Vestirse de tristeza


Nada hay tan difícil de disfrazar como la tristeza. Es una gasa suave en ocasiones, otras sin embargo es una manta dura y complicada de llevar. También aparece en forma de sombrero oscuro que tapa el rostro y solo deja al descubierto un ojo, el de las lágrimas. Puedes verla como una amapola prendida en el ojal, una cosa tan efímera que dura el tiempo que el temporal arrecie. La tristeza es, a veces, una emoción que tiene nombre y que sacudes con las manos de tu falda impoluta y que guardas en el desván en otras ocasiones. No se puede negar su existencia pero sí disimular y el disimulo es una forma de negación que aturde y que termina siendo parte de ti, tu otra naturaleza, tu otro yo, la nada. 
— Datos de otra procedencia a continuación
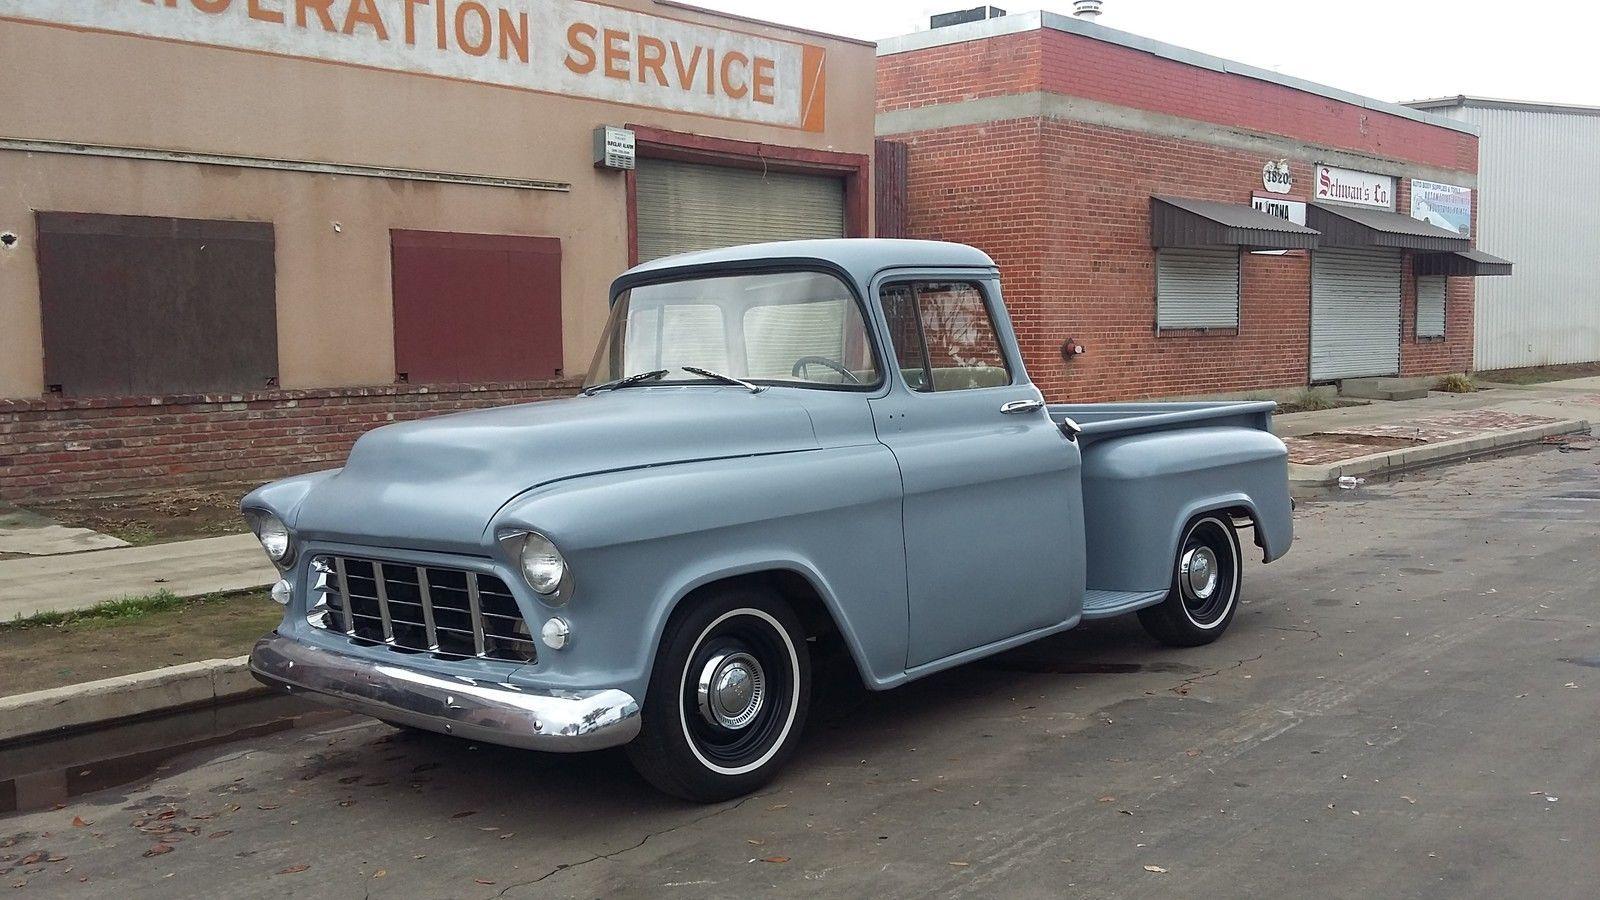 1955 chevrolet truck 3100 short bed big rear window

Te preguntas incrédula por qué te aborda en medio de la calle o en el transcurso de una tibia conversación telefónica cuando alguien te pregunta, con voz desinteresada, si es verdad que todo te va tan mal como parece. Te atrapa si piensas en el paso del tiempo y en las ausencias que la vida acarrea. Pero te desnuda ante ti misma al considerar que peor es no contemplar cómo las horas cambian la fisonomía de las calles y cómo las ciudades se transmutan en seres fantasmales al llegar el invierno. La tristeza no entiende de estaciones y su retrato fiel, las lágrimas, aparecen sin ser invitadas al party de tu vida, así como quien no quiere, así como quien baila, así como quien vive sin tenerlo tan claro como ella.